PHP Lang
  1. PHP Lang
  3. PHP хранит пароль в cookie
Intereting Posts
Написание следующего скручивания в PHP Невозможно настроить PHP cookie на одной странице PHP: вызов метода экземпляра через синтаксис ClassName :: method приводит к статическому вызову? как я могу импортировать файл excel с помощью php и печатать его в таблице html Сохранение файла WAV, записанного в Chrome на сервер измерение прошедшего времени между сегментами кода в PHP PHP Mcrypt, насколько это безопасно? PHP: сохранение «объектов» внутри $ _SESSION Изменение алфавитной сортировки атрибутов / вариаций на странице продукта в магазине Woocommerce Как получить общее количество друзей, использующих API Facebook и PHP? Отбрасывание десятичных знаков PHP без округления Выберите mySQL только на месяц и год Как отобразить PHP-код в HTML? вывод print_r в переменную Могу ли я просмотреть XML, который PHP SOAP хочет отправить перед отправкой?

PHP хранит пароль в cookie

Есть ли относительно безопасный способ хранения пароля в cookie браузера (для запоминания информации для входа) в файл cookie без создания дополнительного столбца для хэша в базе данных? Благодарю.

Храните соленый хэш пароля в файле cookie 

$salt = 'snfcikkfbnvekrew'; $cookie_value = md5($salt . $password);

Вы никогда не должны хранить незашифрованные или даже дешифруемые пароли в своей базе данных, если только вы их не сгенерировали, и пользователь не может ввести пользовательский пароль!
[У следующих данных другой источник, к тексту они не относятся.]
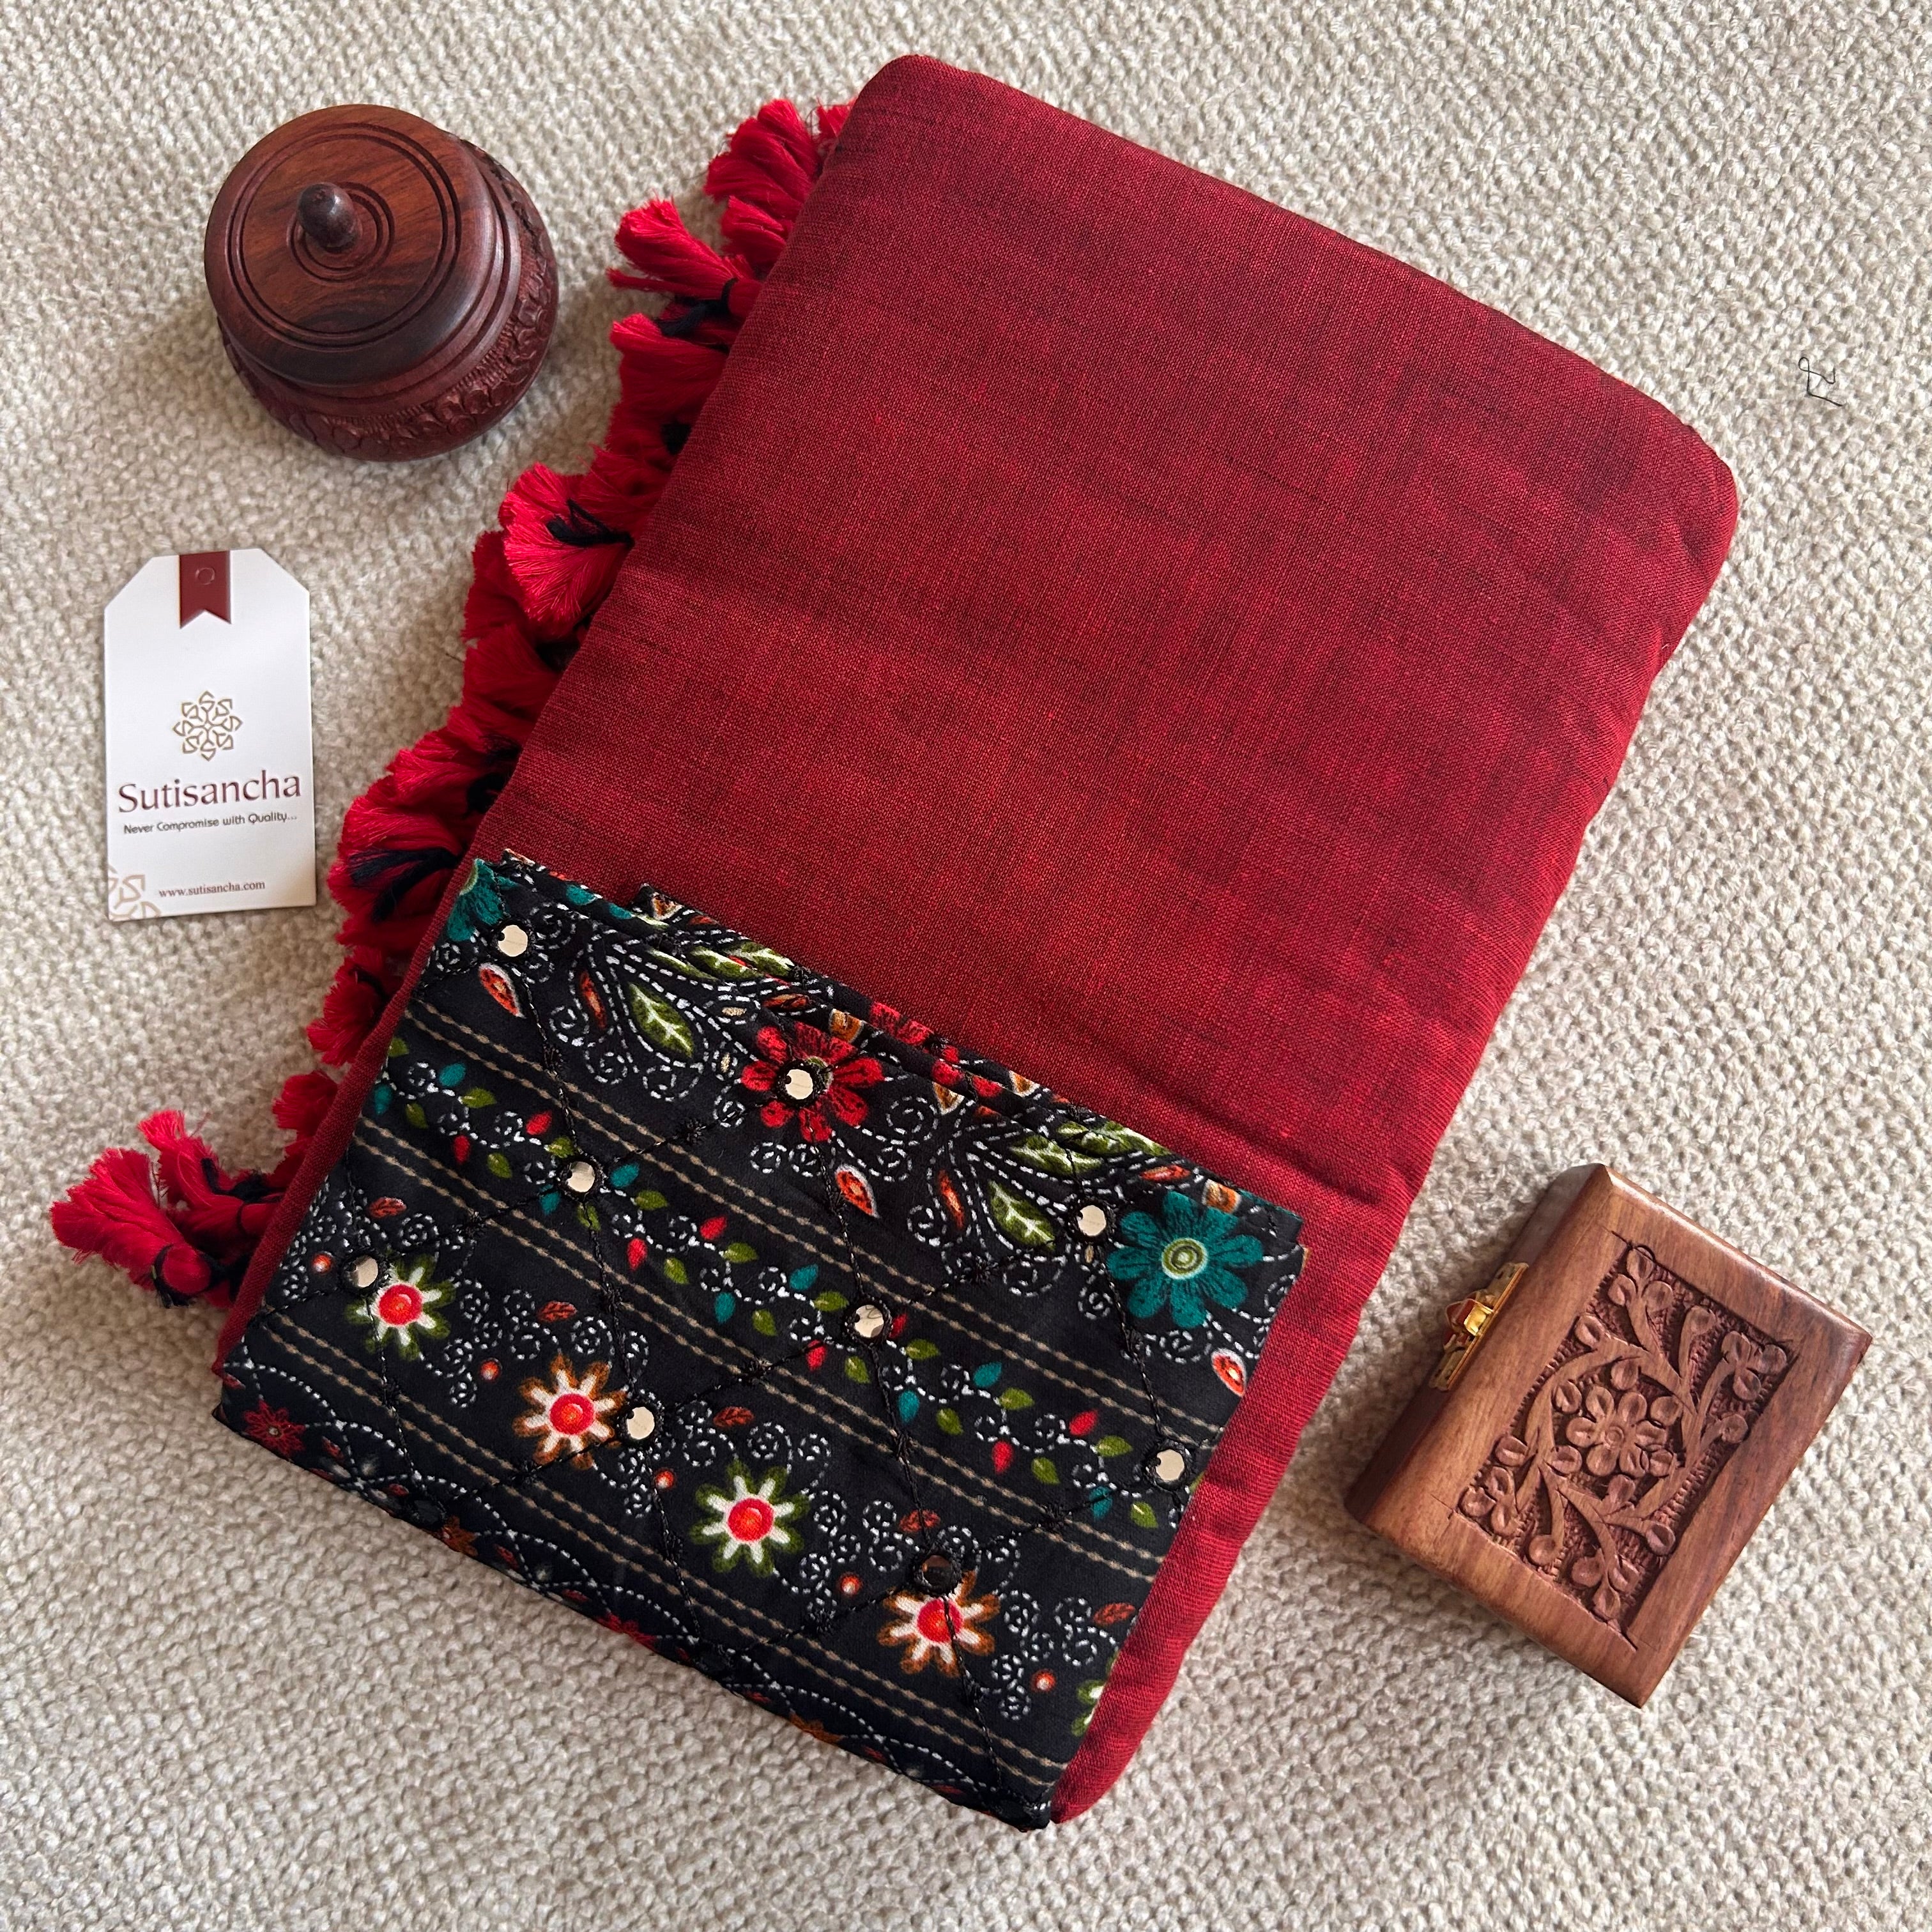 Sutisancha Cherry Red Handloom Cotton Saree with designer Work Blouse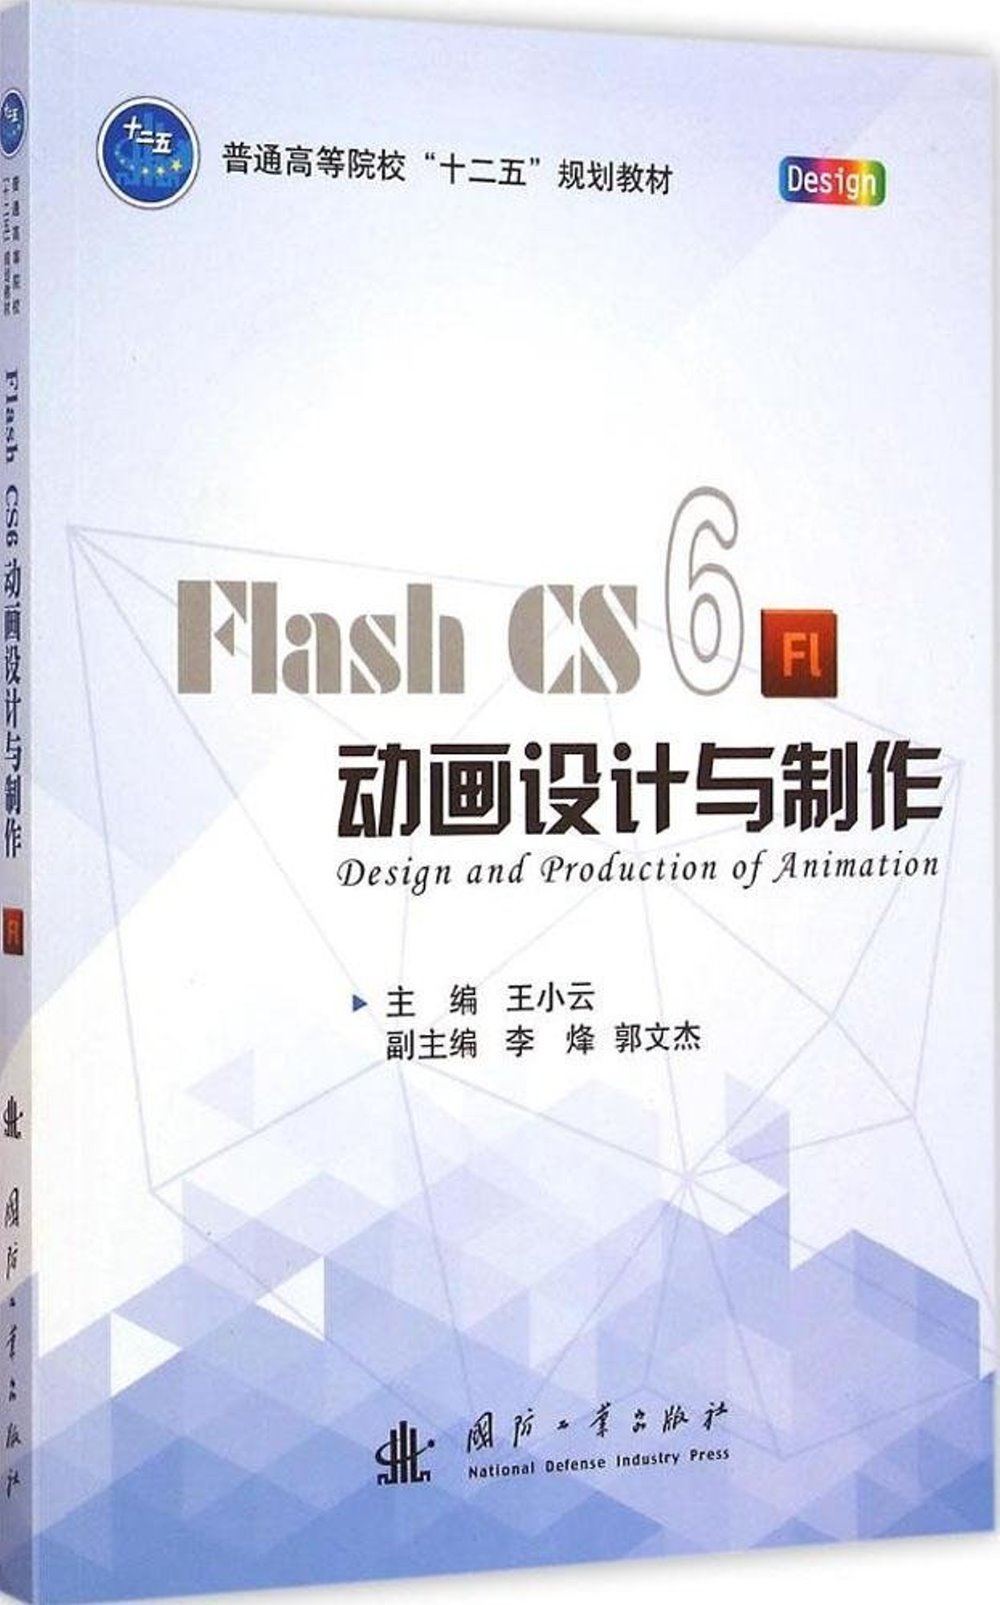 Flash CS6 動畫設計與制作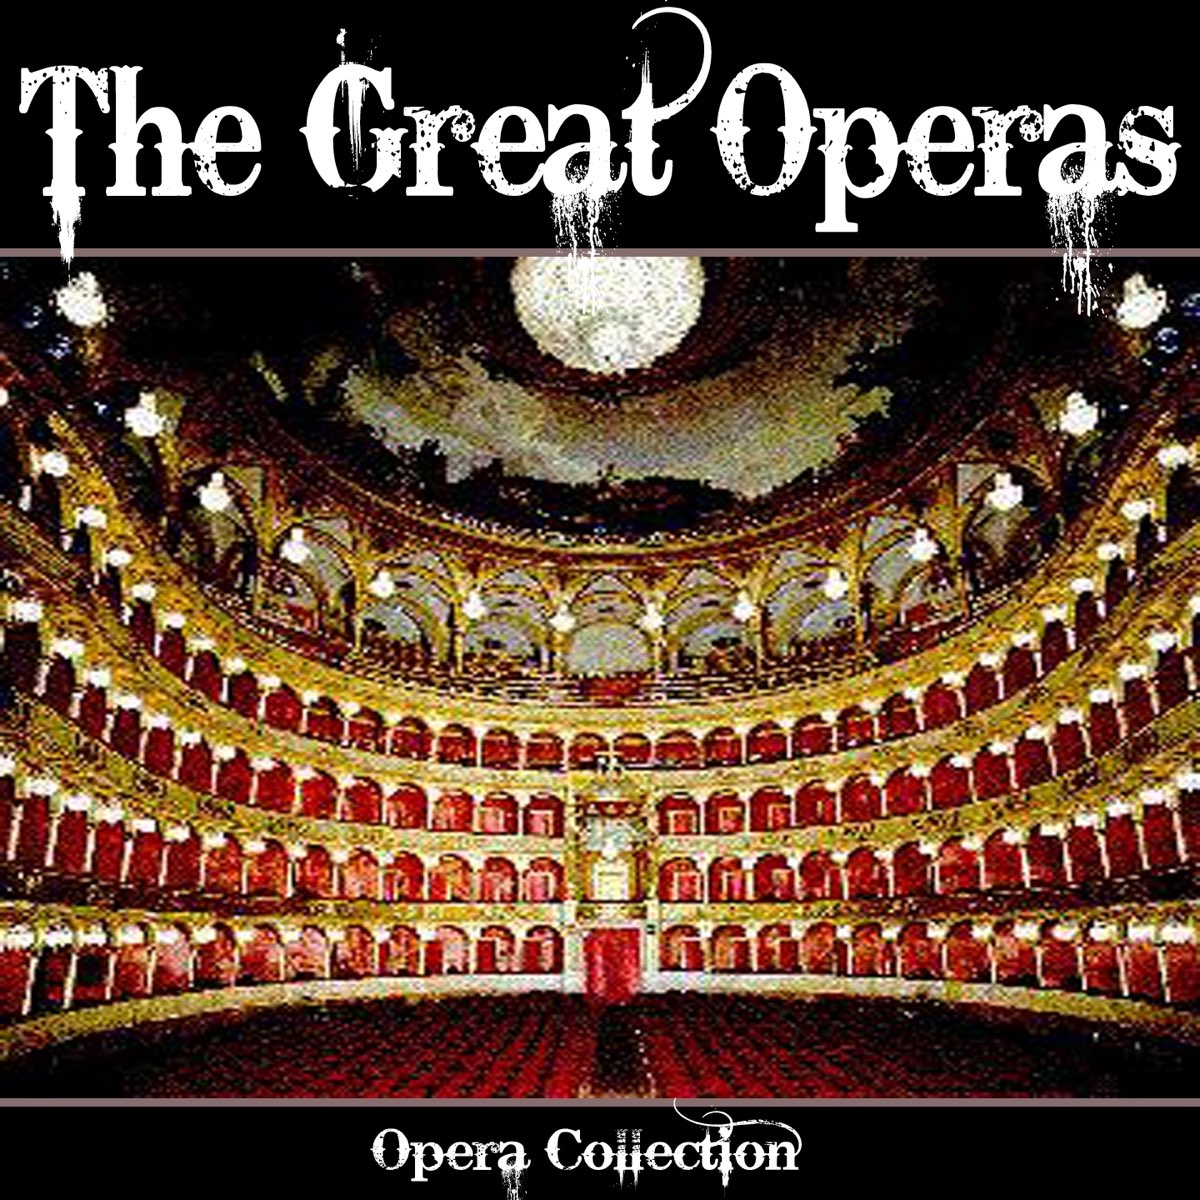 Metropolitan orchestra. Opera collection. 100 Best Opera Classics. Essential Opera collection 50.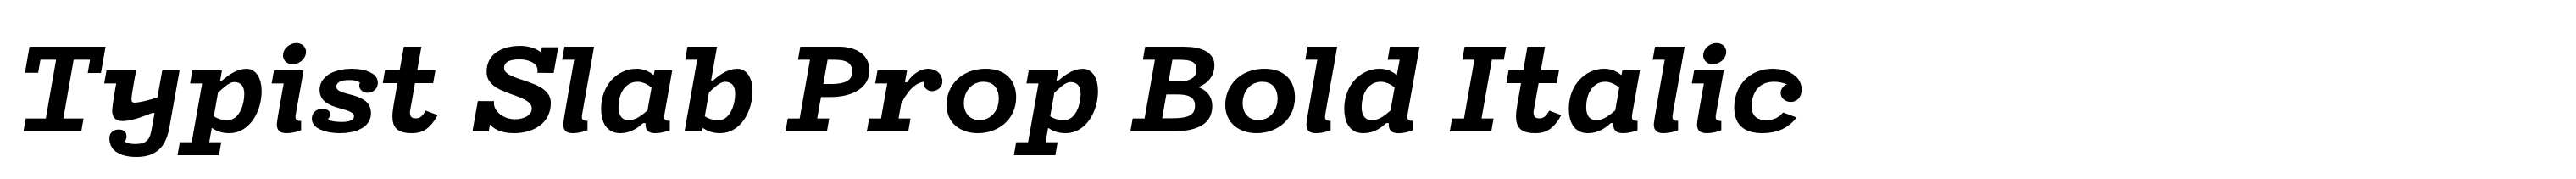 Typist Slab Prop Bold Italic

Наиболее распространенным способом является сохранение хэша пароля в файле cookie, который также находится в базе данных. Тем не менее, это позволяет любому войти в систему, просто зная хэш – без доступа к исходному паролю. Так что не ходите таким образом, хотя это, очевидно, самый простой.

Безопасным подходом было бы хранение случайного уникального «логина входа» в базе данных и установка этого хэша плюс идентификатор пользователя в файле cookie. Это не только сделает хеш-пароль бесполезным для входа в систему, но также позволит вам создать функцию «выйти из системы».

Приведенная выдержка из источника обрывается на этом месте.